I've added a 'noindex' meta tag to articles that shouldn't be live until a future date.
When the date comes for them to appear on the website, the noindex disappears. Is anyone aware of any issues doing this - say Google crawls a page that is noindex, then 2 hours later it finds out it should now be indexed? Should it still appear in Google search, News etc. as normal, as a new page?
Thanks.
-
Wow! Nice detective work! I could see how that one would slip under the radar.
Congrats on finding a needle in a haystack!

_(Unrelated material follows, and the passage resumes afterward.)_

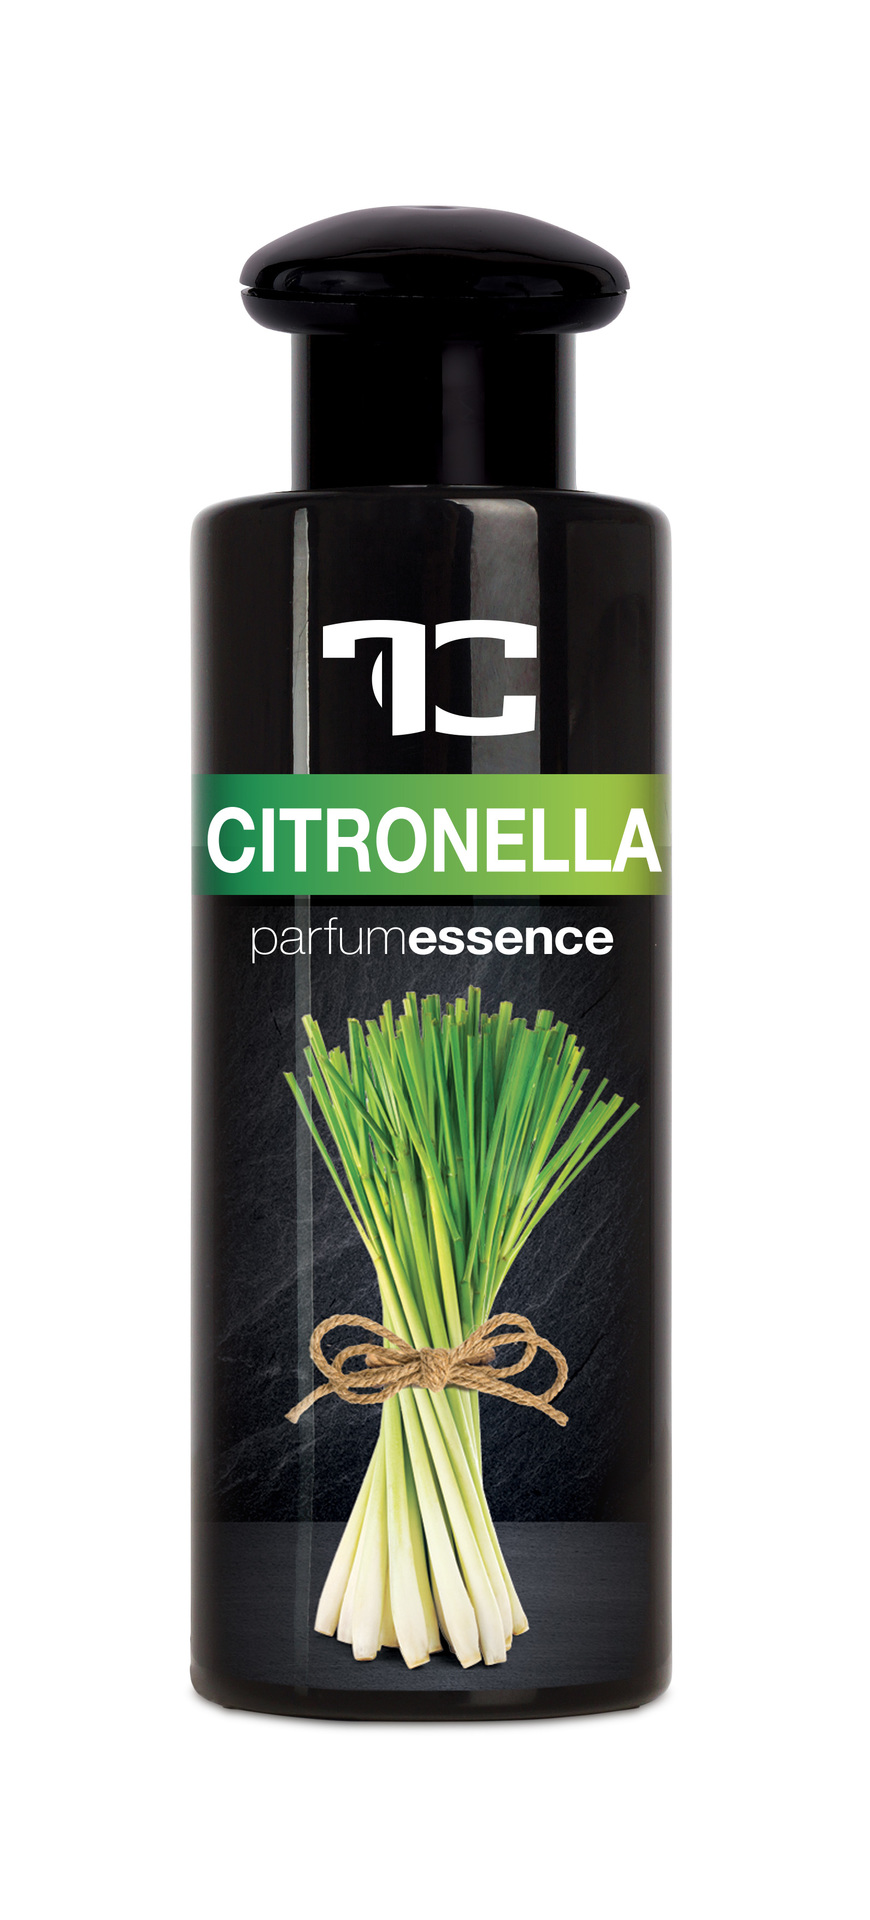 PARFUM ESSENCE CITRONELLA, koncentrovaná, do aromalamp a difuzérů, s obsahem přírodních éterických olejů
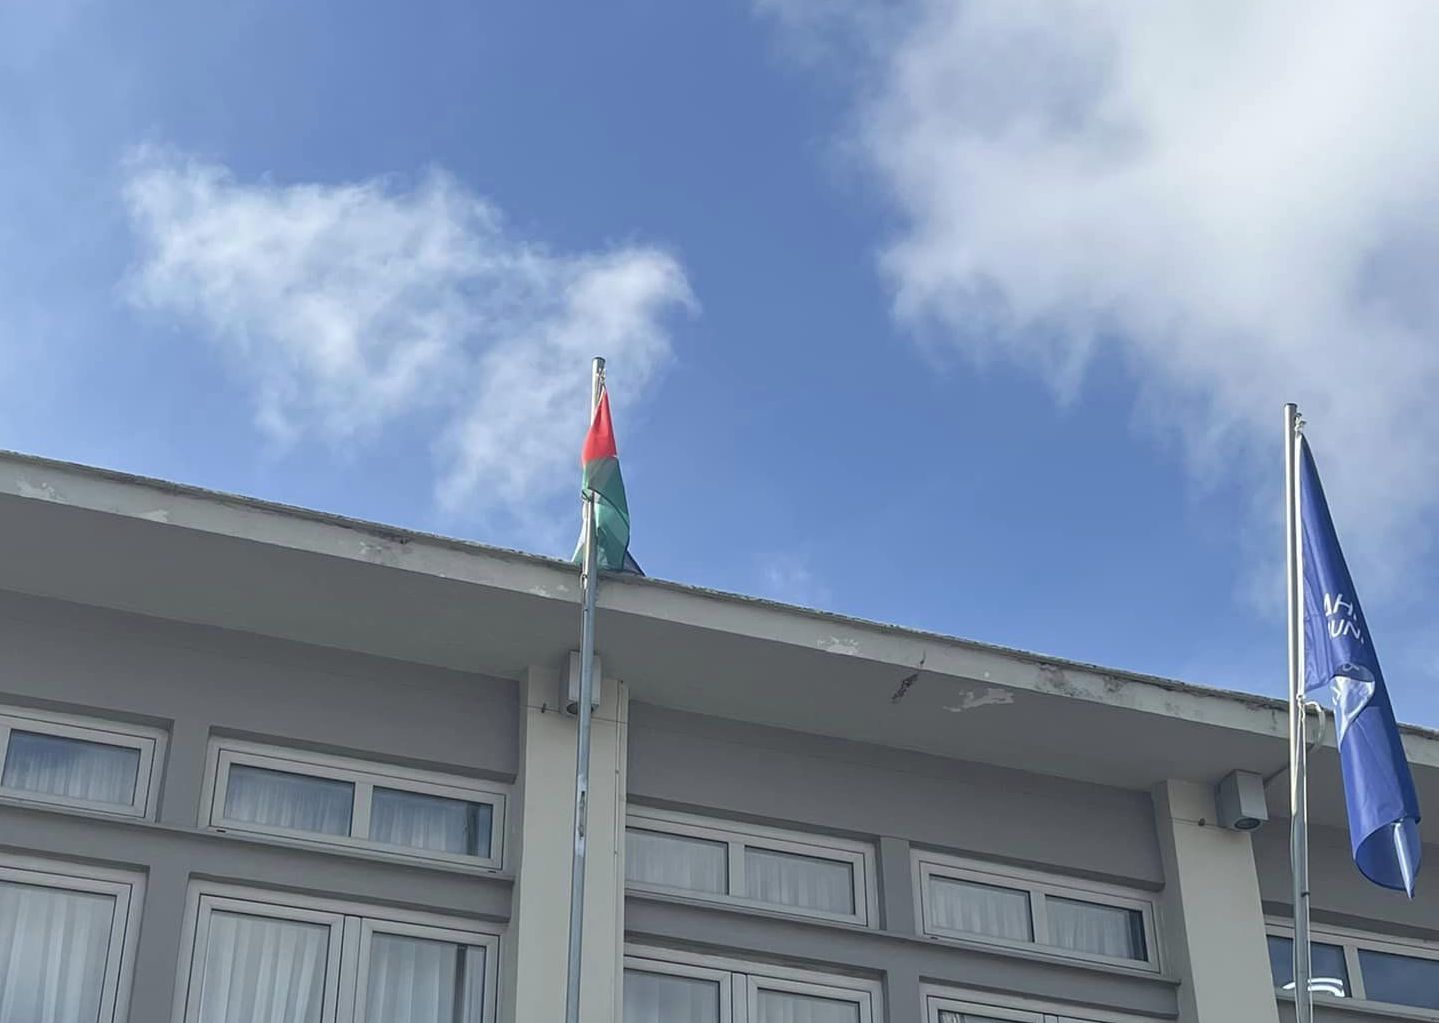 Πρωτότυπο: Πάσχα στο Αργοστόλι με τη σημαία της Παλαιστίνης κρεμασμένη στο δημαρχείο [εικόνες]

You should buy yourself the adult beverage of your choice and have a little toast!
Cheers!
-
-
I think Screaming Frog has a trial version, I forget if it limits total number of pages etc. as we bought it a while ago. At least you can try out and see. May be others who have more tools as well.
-
Thanks. I agree I need to get rid of that noindex. The site is new and doesn't have much in the way of tag clouds etc. yet, so it's not like we have a lot of pages to check.
I've used the link: attribute to try and find the offending links each time, but nothing showed up. I use Xenu Link Sleuth rather than Screaming Frog, and I can't find a way to find backlinks with Xenu. Do you know if you can with the free version of Screaming Frog? I've seen the free version described as "almost fully functional" - the number of crawlable links seems to be the main restriction.
-
I like the automated sitemap answer for the cause (as this has bitten me before), but you mentioned you do not have that. I would still bet that somewhere on your web site you are linking to the page that you do not want indexed. It could be a tag cloud page or some other index page. We had a site that it would accidentally publish out articles on our home page ahead of schedule. Point here is that when you have a dynamic site with a CMS, you really have to be on your toes with stuff like this as the automation can get you into situations like this.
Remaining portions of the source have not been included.